In Gair v. Peck (6 N Y 2d 97, cert. den. 361 U. S. 374, supra), which this court considers a beacon light of direction for counsel and the court to determine fair conduct between an attorney and client, the court in its review and synthesis of past holdings, particularly as is relevant to the issues herein, observed that:

“ Section 474 [Judiciary Law] confers upon the lawyer no inalienable right to impose on his client, and a retainer agreement becomes unenforcible in some situations where a contract would be enforeible if the parties to it were not attorney *444and client * * * Sometimes these charges are unconscionable as matter of fact and in other instances as matter of law.” (pp. 106-107), and then selected the following quotations, which the court sets forth as determinative of plaintiff’s retainer:
“ ‘ The word unconscionable ” has frequently been applied to contracts made by lawyers for what are deemed exorbitant contingent fees. But by that nothing more has been meant than that the amount of the fee, standing alone and unexplained, may be sufficient to show that an unfair advantage was taken of the client or, in other words, that a legal fraud was perpetrated upon him.’ ” (p. 106).
‘ ‘ ‘ But the recovery may be such that what was in the first instance a fair contract becomes unfair in its enforcement. ’ ” (p. 107).
“ ‘ An agreement to pay an attorney one-half of the recovery of * * * fifty dollars would not by any person be considered to be improper, but if it was for fifty thousand dollars it might be considered quite improper.’ ” (p. 107).
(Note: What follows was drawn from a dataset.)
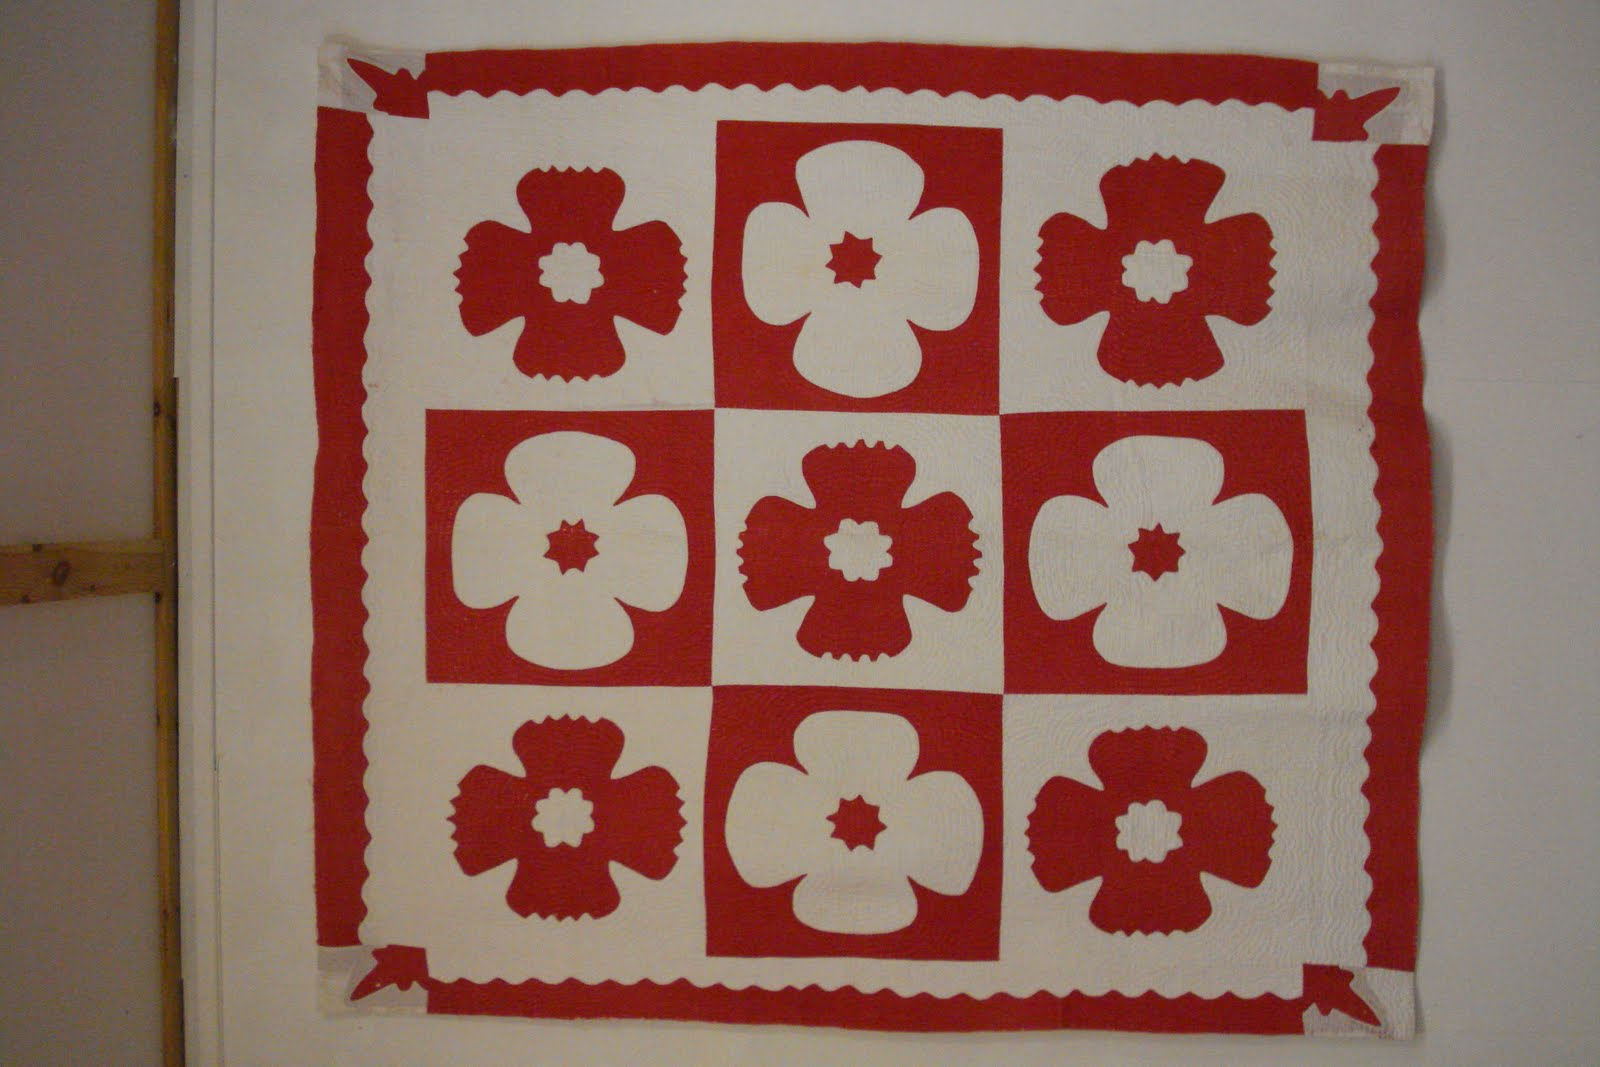 Applique designs for tablecloth - Dsc05482 Jpg

A fee of $25,000 payable on a discontinuance of an action without the attorney’s consent as the attorney’s ‘‘ liquidated damages ” is as a matter of law unconscionable and violative of public policy in that it deprives a client of his untrammeled right to terminate a lawsuit without fear of payment of a substantial penalty. The fact that services were rendered prior to the making of the retainer is counterbalanced by plaintiff’s allegation that the sum of $25,000 was fixed at a time when ‘ ‘ the parties were able to estimate prospective services ” to be rendered by plaintiff. But if defendant determines not to avail himself of those “ prospective services ” he will still suffer the penalty of a substantial payment to plaintiff for services that will not be rendered.

Plaintiff’s citation of California authorities to the effect that where an attorney is discharged without cause, he is not required to prove the reasonable value of his services but may recover the full amount called for by his contract is without merit. A reference to Shephard’s Pacific Reporter Citations (P. 2d) discloses that the entire line of cases cited by plaintiff has been overruled in Fracasse v. Brent (6 Cal. 3d 784).

Accordingly, defendant’s motion to dismiss the second cause of action is granted.

The case has heretofore been set down for trial for the February term when it can proceed on the first cause of action based on quantum meruit, provided no appeal is taken from this decision.